Lapid calls for special Knesset session during recess after far-right protesters storm IDF bases
Sam Sokol is the Times of Israel's political correspondent. He was previously a reporter for the Jerusalem Post, Jewish Telegraphic Agency and Haaretz. He is the author of "Putin’s Hybrid War and the Jews"

Opposition Leader Yair Lapid calls on Knesset Speaker Amir Ohana to convene a special plenum debate during the legislative recess after far-right mobs broke into two IDF bases on Monday.
“We are not on the brink of an abyss, we are in the abyss,” Lapid writes, arguing that “the participation of members of the Knesset and ministers in the invasion of violent militias into IDF bases constitutes a crossing of a red line that Israeli democracy has never known.”
“This is not another demonstration of one political camp or another; it is a sharp threat to Israel’s image as a Jewish and democratic state,” he continues. “I appeal to you, as speaker of the Knesset, the place that represents Israeli democracy above all else, to hold an urgent discussion in the Knesset plenum on the issue.”
After Military Police arrested nine soldiers suspected of abusing a security prisoner, members of Ben Gvir’s far-right Otzma Yehudit party announced that they were setting out to Sde Teiman and called on others to join them.

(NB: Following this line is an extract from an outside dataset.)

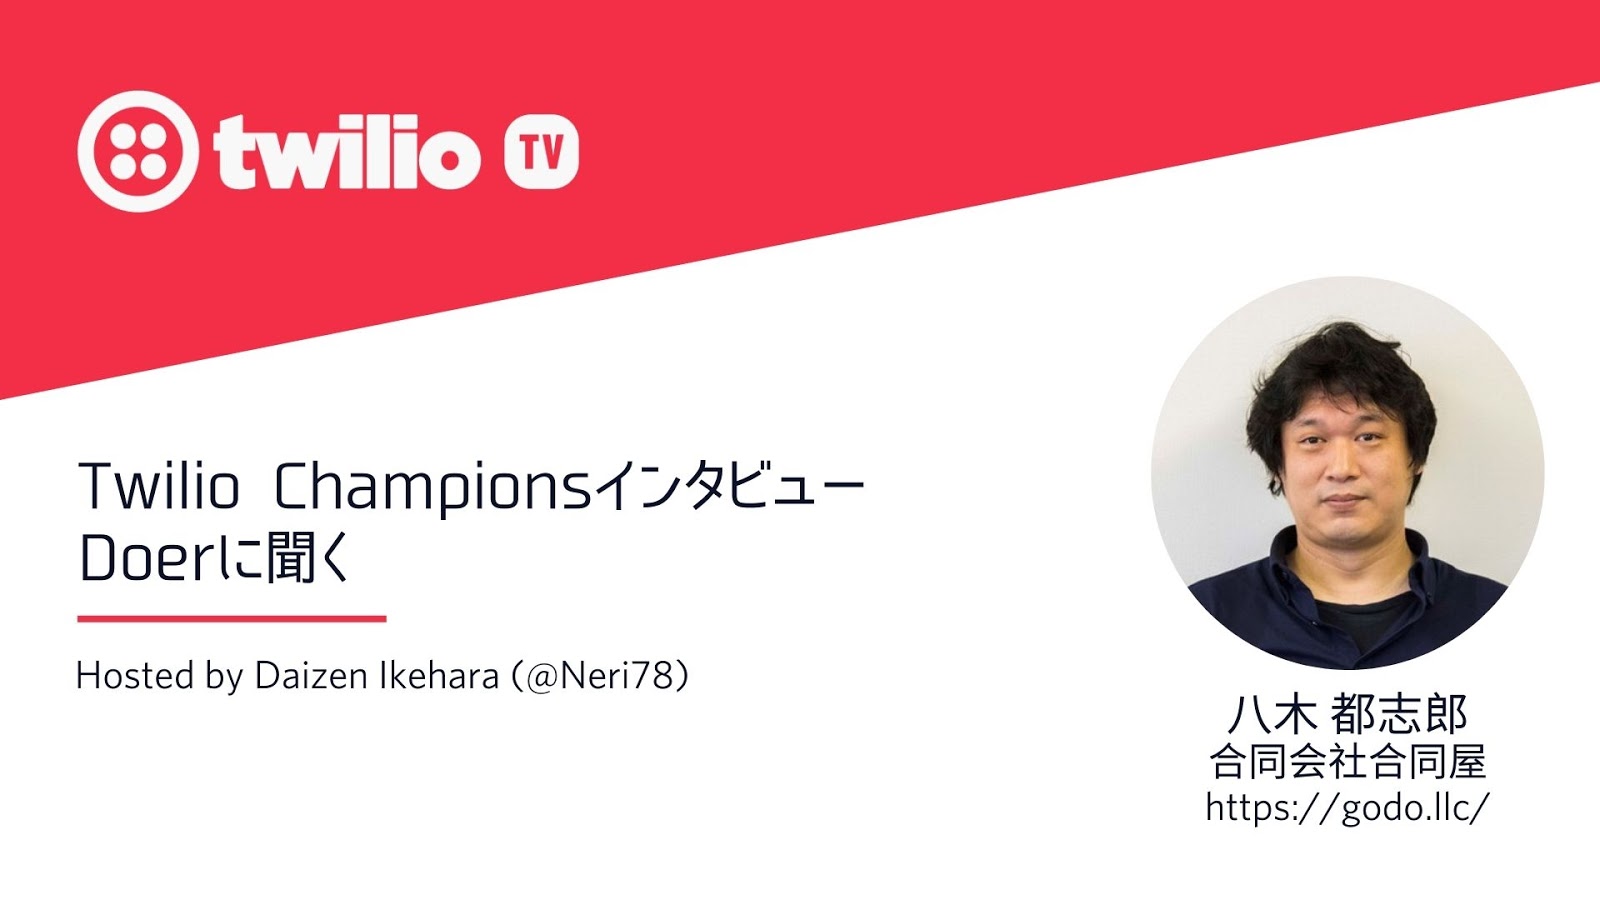 Twilio Champion - Tohiro Yagi

Politicians and activists broke in and demonstrated at the detention facility and later stormed the Beit Lid base, where the suspects are being held.
Among the lawmakers who participated in the protests were Heritage Minister Amichay Eliyahu of Ben Gvir’s Otzma Yehudit Party, Religious Zionism MK Zvi Sukkot, and MKs Nissim Vaturi and Tally Gotliv of Prime Minister Benjamin Netanyahu’s ruling Likud party.